Moreover, once the noteholders are about to seize an asset, the company can file for bankruptcy protection (seeking to reorganize and continue operations, not liquidate) and the bankruptcy judge will restrain the noteholders from taking any action to enforce the notes. The noteholders will then be required to file their claim in the bankruptcy court and the judge in conjunction with the trustee appointed by the court to take control of the company's ssets will decide what to do next. Without a detaild explanation, I am confident (rember, just one person's opinion) that the judge will allow the company to proceed with the clam and use the cash and/or equipment of the company to pay attorneys' fees and continue the operations of the company and will not allow the noteholders to control the arbitration claim.
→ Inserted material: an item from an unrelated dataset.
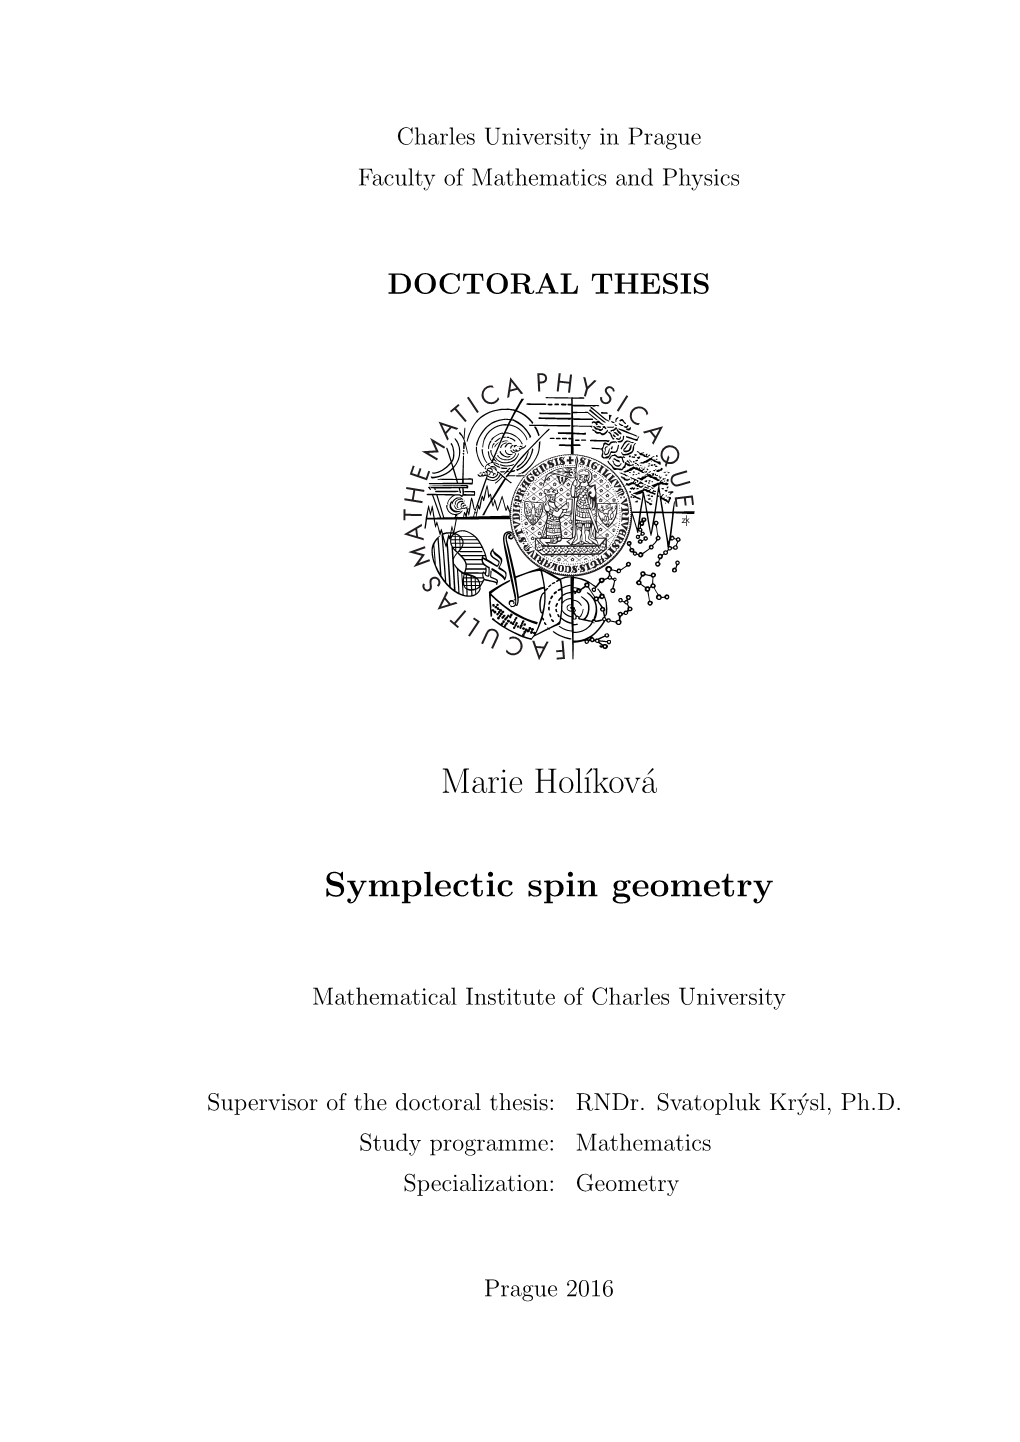 Marie Hol´Iková Symplectic Spin Geometry

There are a number of reasons for this. The noteholders are only owed roughly 120 mil while the claim is worth billions. Also, it is the company and its attorneys exclusively that have the knowledge to proceed with the claim; the noteholders would have only minimal competence and ability to proceed with it. In addition, the court will not abandon the shareholders at the expense of the noteholders and will want the shareholders to recieve maximize value, especially where, if the arbitration is succesful, there will be more than enough to pay both the noteholders and the shareholders and where, if the arbitrtion claim is pursued but unsuccessfully, the noteholders will be prejudiced very little because they wll receive only a small percentage less than if the arbitration claim had not been continued. The "little less" would constitute the 10 mil or so needed to pay attorneys' fees and working capital. Thus, if the noteholders are not paid off at all, I would submit that there is nothing the noteholders can do to harm the company or its arbitration claim and hence, there would seem to be no purpose in bowing to any unreasonable demands of the hedge funds.
There also appears to be the assumpption that the noteholders need to be paid a full in order for the company to avoid bankruptcy. However, I can't help but believe that they would take 50-60 cents on the dollar to fully resolve their claim without having to sit on the sideleines while the arbitration proceeds over the next few years. The company might therefore only need to raise 75 mil rather than 120+ mil.
Remember, this is just one person's opinion.